The constructs of usability and playability have been explored with respect to games, but primarily on a theoretical basis. The only known published application of formative empirical evaluation of a computer game evaluated the usability and playability of an ECA-based adventure game [4]. In that study, however, users navigated the application only through relatively simple speech commands. The application’s user interface did not enable users to use natural speech or physical gestures as modalities of interaction. In the present study, we address this limitation by reporting on the formative user-experience evaluation of a multimodal ECA-based adventure game in which the player could communicate with the on-screen agent through more natural, unstructured utterances and through upper-body gestures.

In this paper, then, we briefly review the state of the art of user-experience evaluation of video game, explain the challenge for analysis of the relationship between usability and playability, describe the study’s methodology, report the results of the formative evaluation, and discuss the implications of these results. We conclude with a contrast of these results with those in [4] and discuss the limitations of our study.

2 Background

Studies of evaluation of the playability and usability video games have, with very limited exceptions, not extended to empirical evaluation of games through user studies. Rather, the research literature of playability and usability has tended to focus on heuristic evaluation of games (e.g., [57]), and the research literature on user-centered evaluation of games has tended to remain at the theoretical level (e.g., [1, 8, 9]). In contrast, commercial practice appears to rely largely on empirical usability tests, with little use of heuristic evaluation [10]; unfortunately, the results of the commercial studies tend not to be published. At the same time, the relationship between playability and usability remains unclear. There are evident differences between playability and usability [1, 2]. For example, an office application seeks to make the user’s task as easy as possible, while a game seeks to make the user’s task interestingly difficult. But from the standpoint of empirical testing of games, the theoretical divisions between playability and usability appear to diminish in practice.
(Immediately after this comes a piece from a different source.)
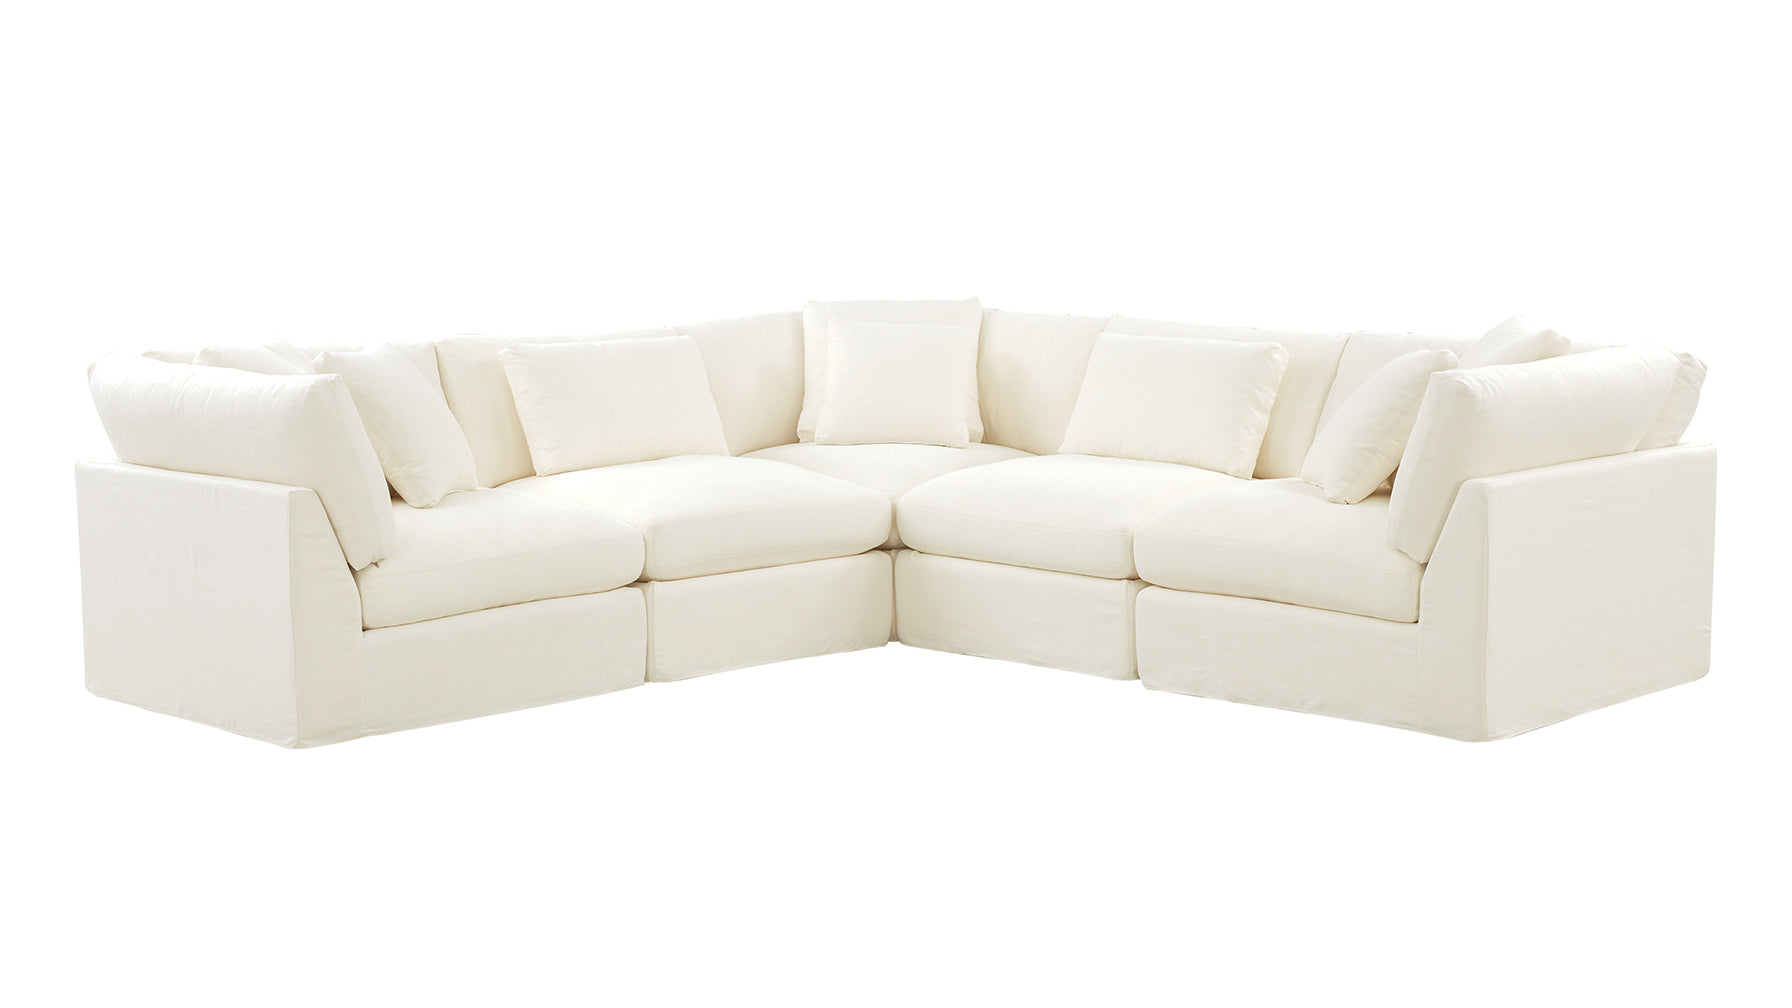 Get Together™ 5-Piece Modular Sectional Closed, Large, Cream Linen - Image 5

An initial study that assessed playability and usability of a computer game through empirical user testing suggested that the evaluation technique for playability can be the same as for usability: there is really a single technique of empirical testing of the user’s experience in computer games, regardless of whether this is called usability testing or playability testing [4]. This paper remains the only published empirical study of user-experience testing of computer games of which we are aware. However, the game that was tested in that study, although it included animated visuals, was entirely verbal in its interaction. The game, called “Escape from the Castle of the Vampire King,” although implemented as an immersive game with an ECA, was essentially an immersive version of a text-based adventure game such as Zork [11]. Do these results hold for an immersive game that goes beyond the limitations of verbal interaction to combine verbal interaction with gestural interaction and movement in the virtual world by the human and the agent?

3 Methodology

To address the question of whether the results for relatively simple speech-based interaction hold for more complex, multimodal interaction, we studied the development of an immersive computer game, entitled “Survival on Jungle Island” [12], in which the human user interacted with the ECA through both speech and gesture as the human and the agent moved through the game’s virtual world. A brief video of excerpts of the game is available at http://www.cs.utep.edu/novick/jungle.mp4. In the game, each participant partners with the agent to survive on and escape from a deserted jungle island.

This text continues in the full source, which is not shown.